- _Work item_: Repeat the data below in full. Pictures must not be part of the copy.
╭─ Dataset content
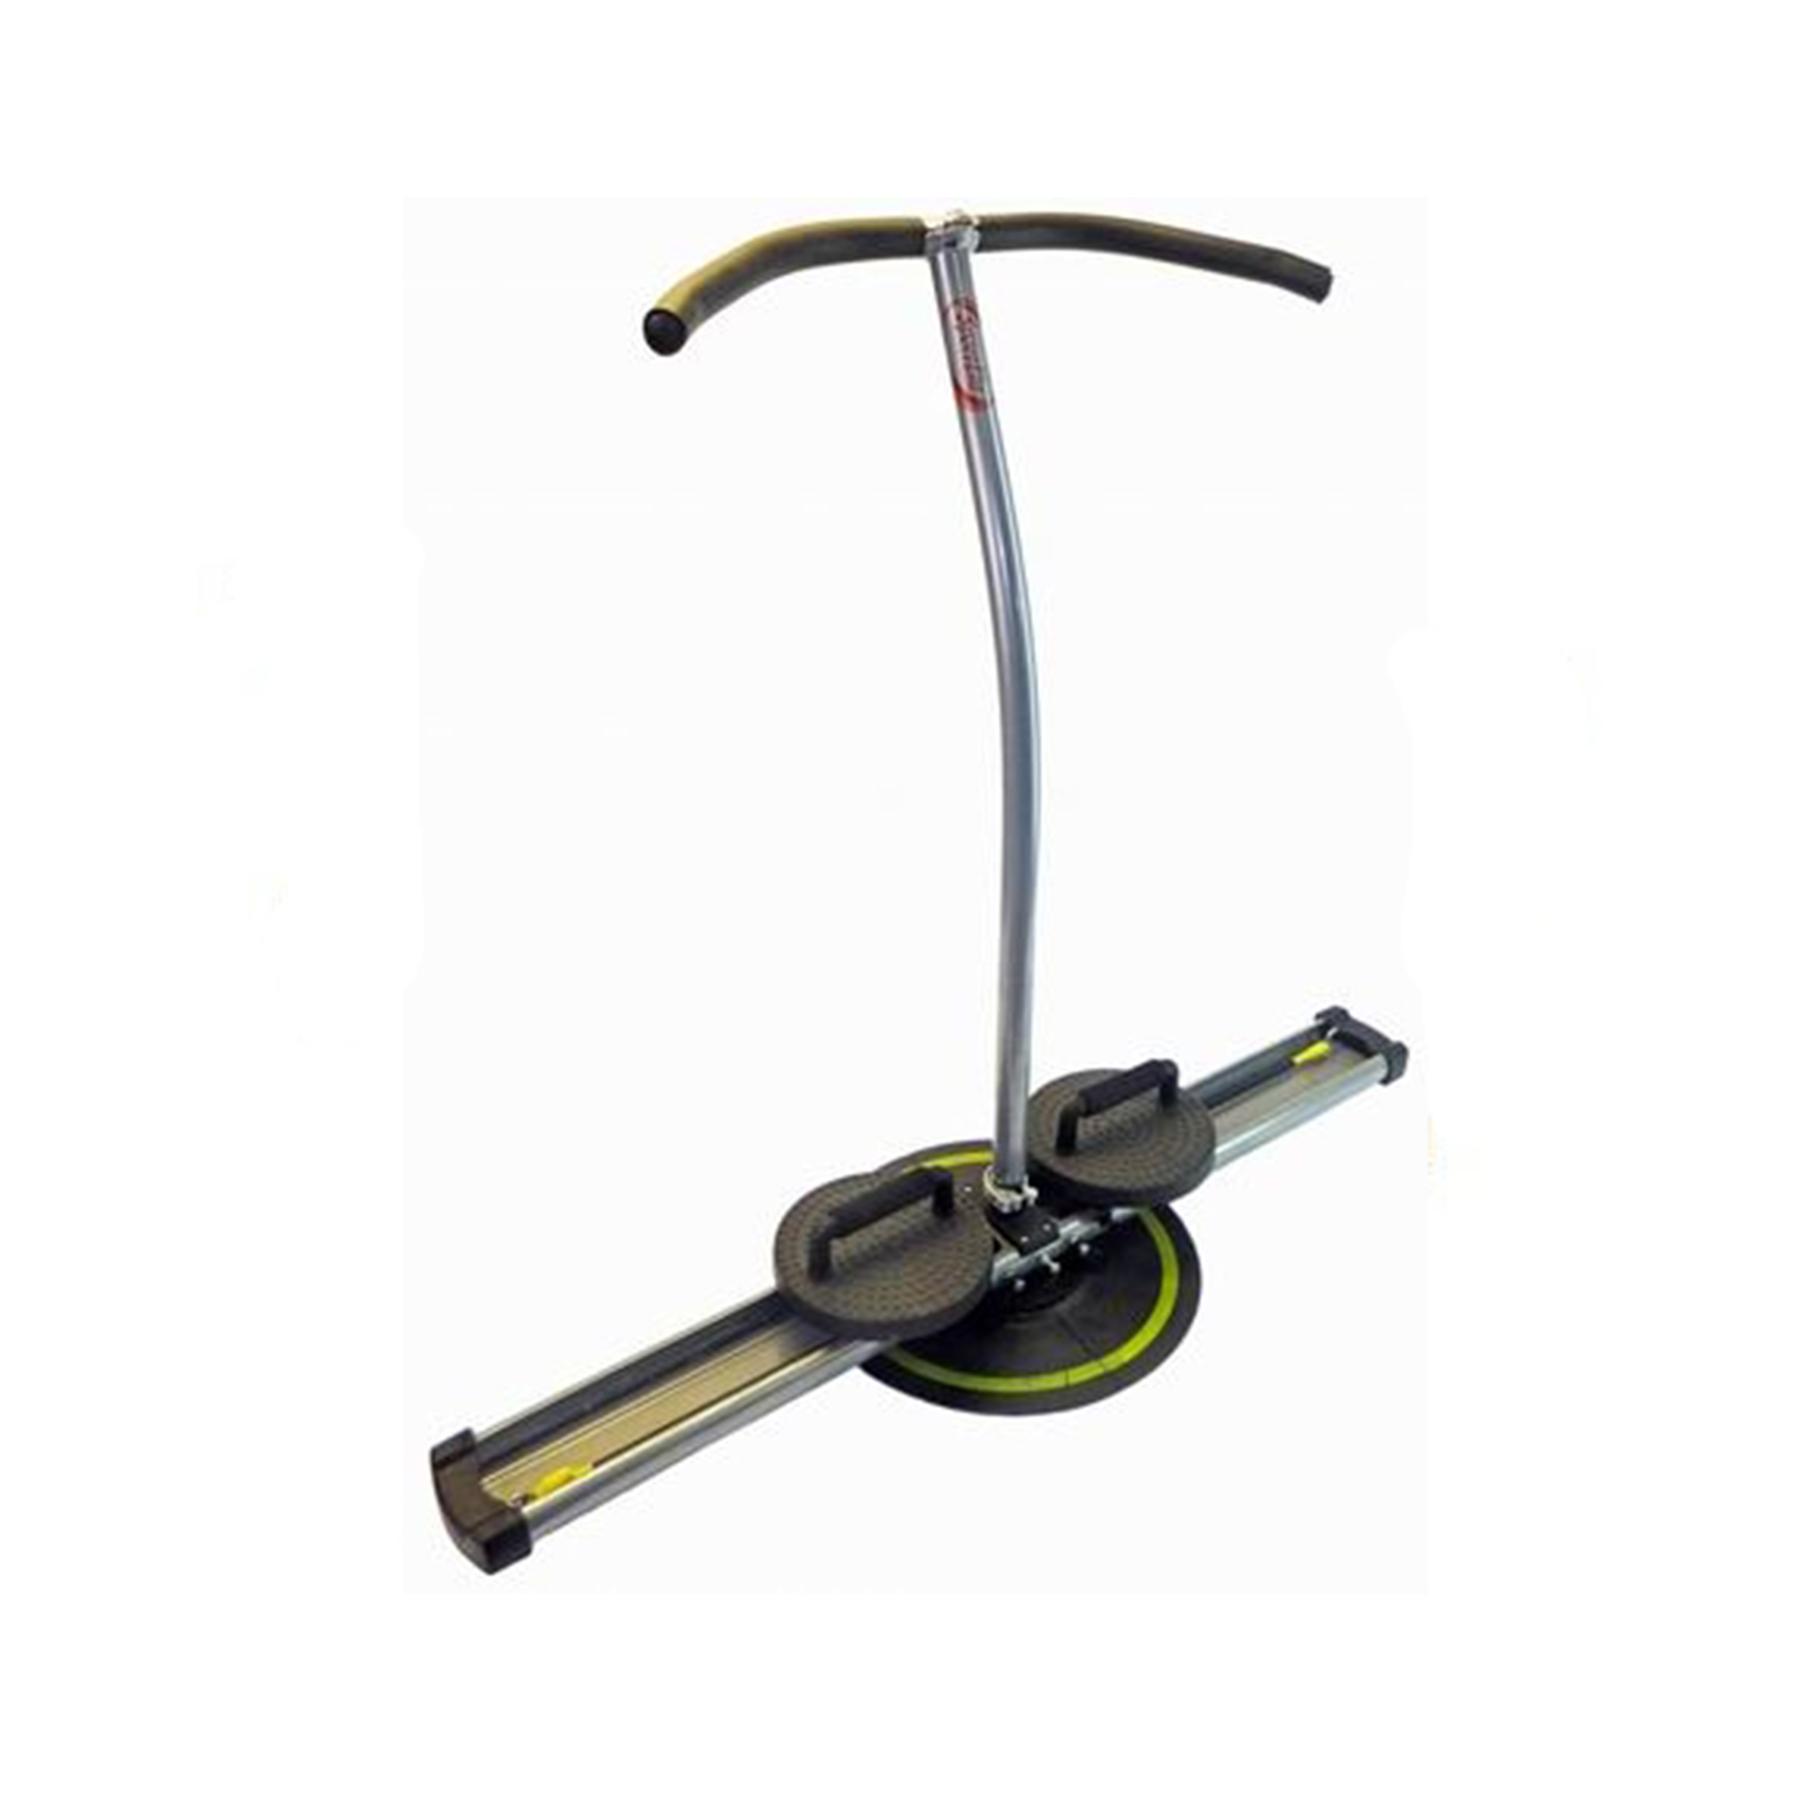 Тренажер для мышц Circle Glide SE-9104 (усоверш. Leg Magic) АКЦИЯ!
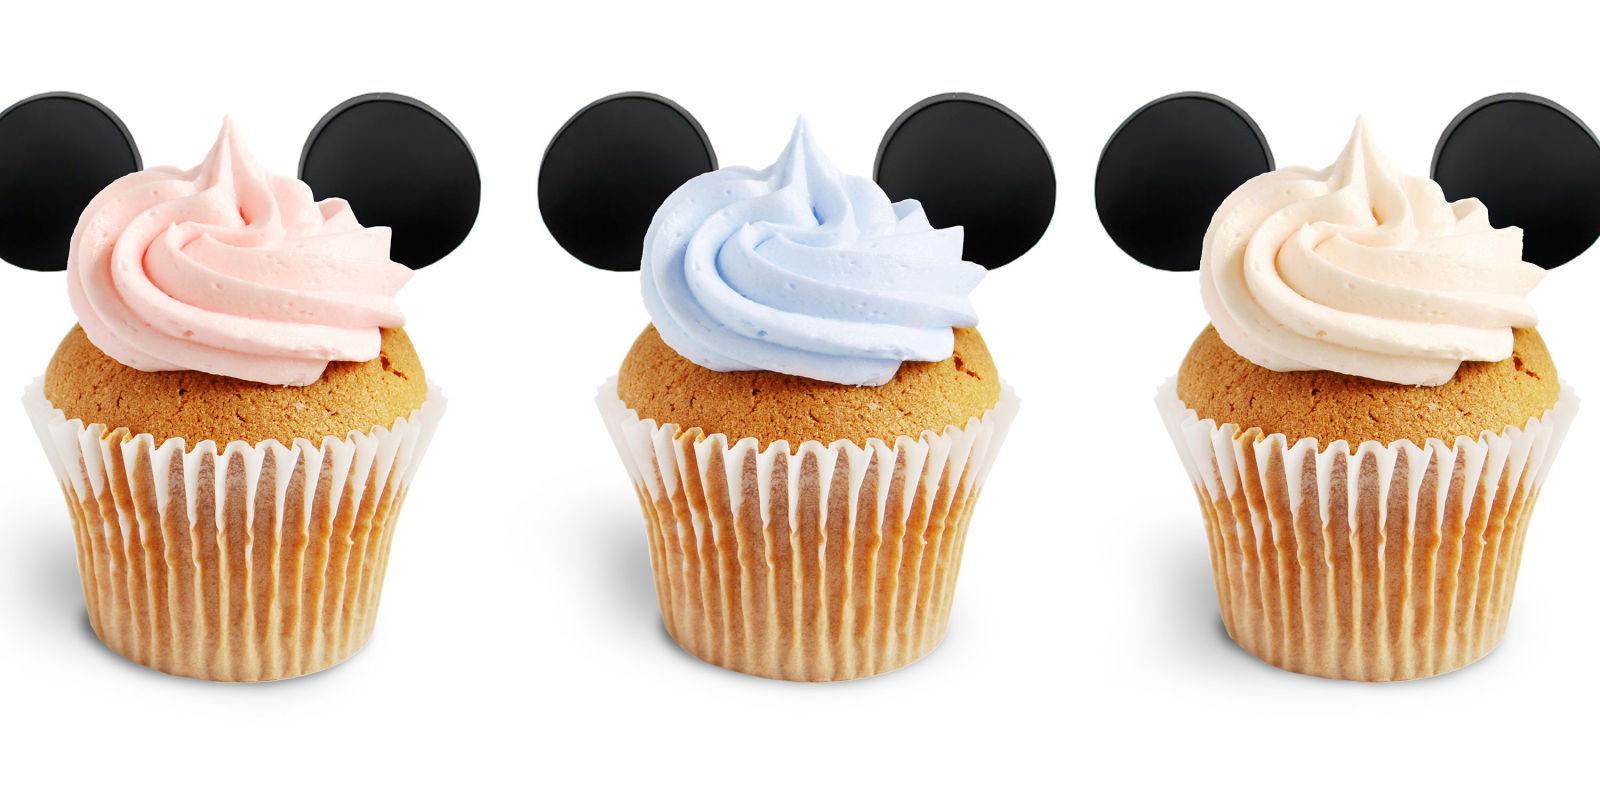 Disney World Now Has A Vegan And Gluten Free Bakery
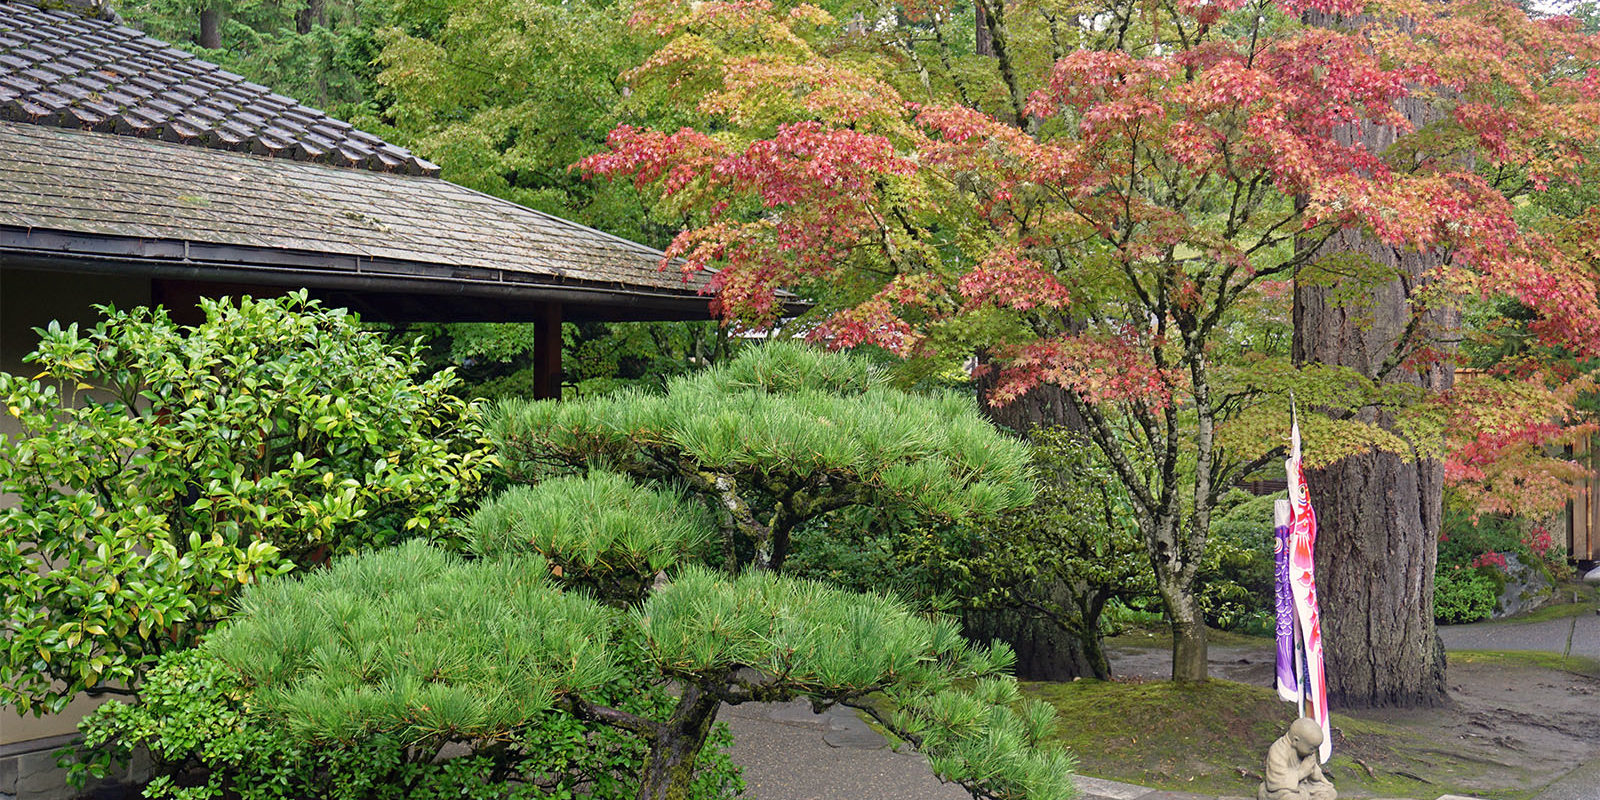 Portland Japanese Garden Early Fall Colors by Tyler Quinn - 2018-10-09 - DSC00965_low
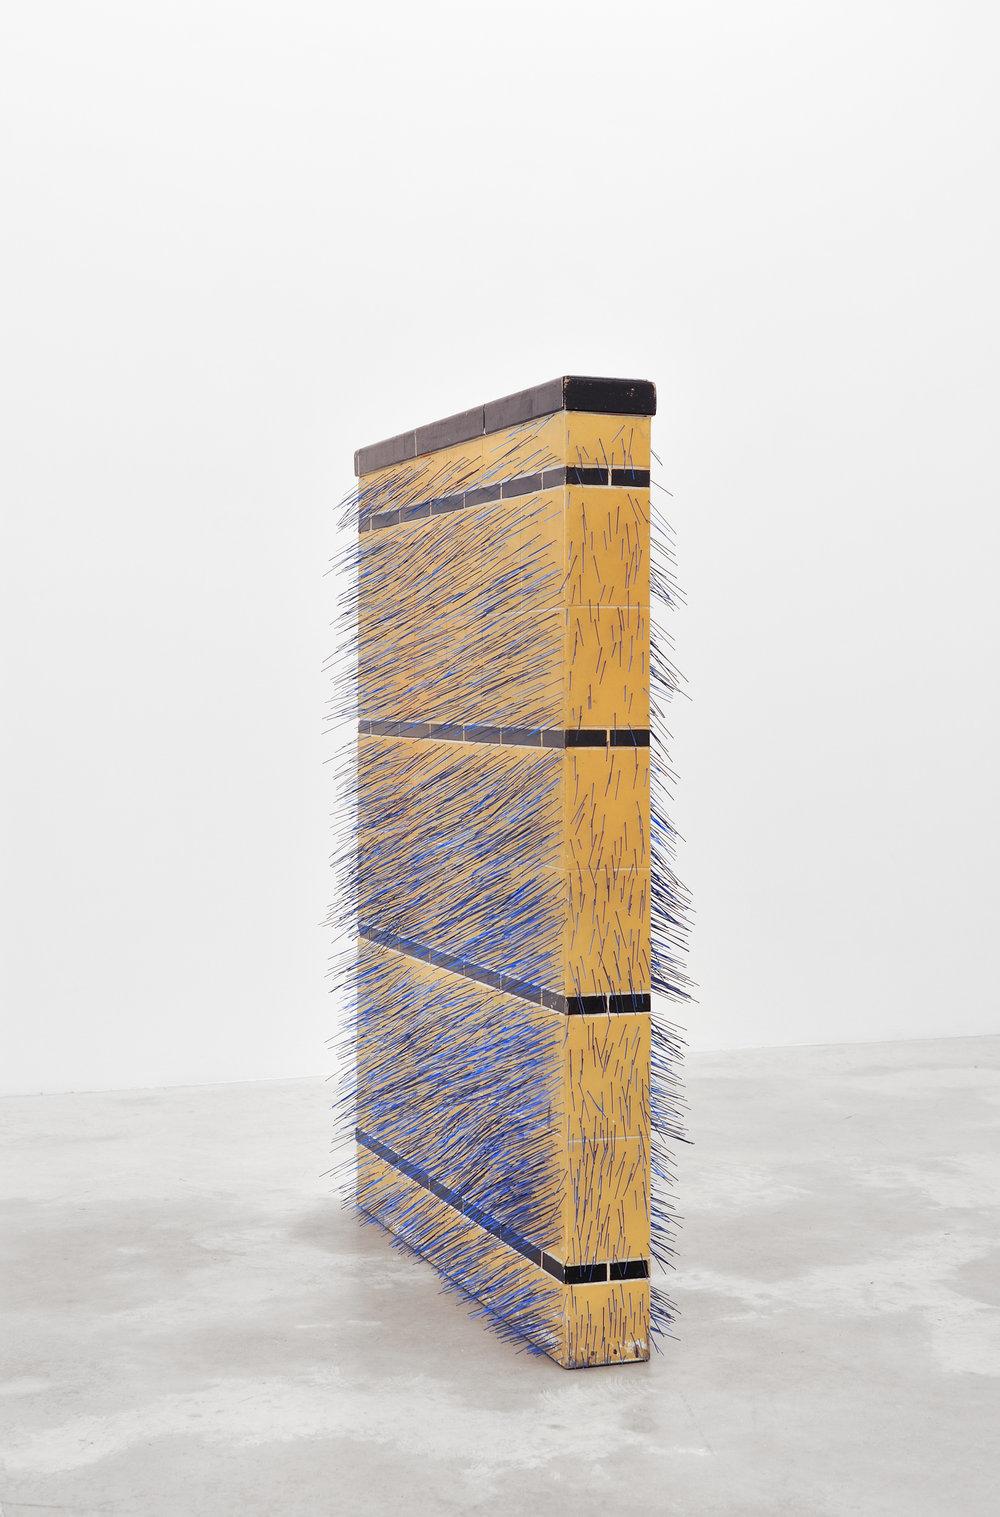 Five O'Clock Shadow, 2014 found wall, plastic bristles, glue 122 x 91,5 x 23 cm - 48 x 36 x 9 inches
╰─
- _Result for this exercise_:
 Тренажер для мышц Circle Glide SE-9104 (усоверш. Leg Magic) АКЦИЯ!
 Disney World Now Has A Vegan And Gluten Free Bakery
 Portland Japanese Garden Early Fall Colors by Tyler Quinn - 2018-10-09 - DSC00965_low
 Five O'Clock Shadow, 2014 found wall, plastic bristles, glue 122 x 91,5 x 23 cm - 48 x 36 x 9 inches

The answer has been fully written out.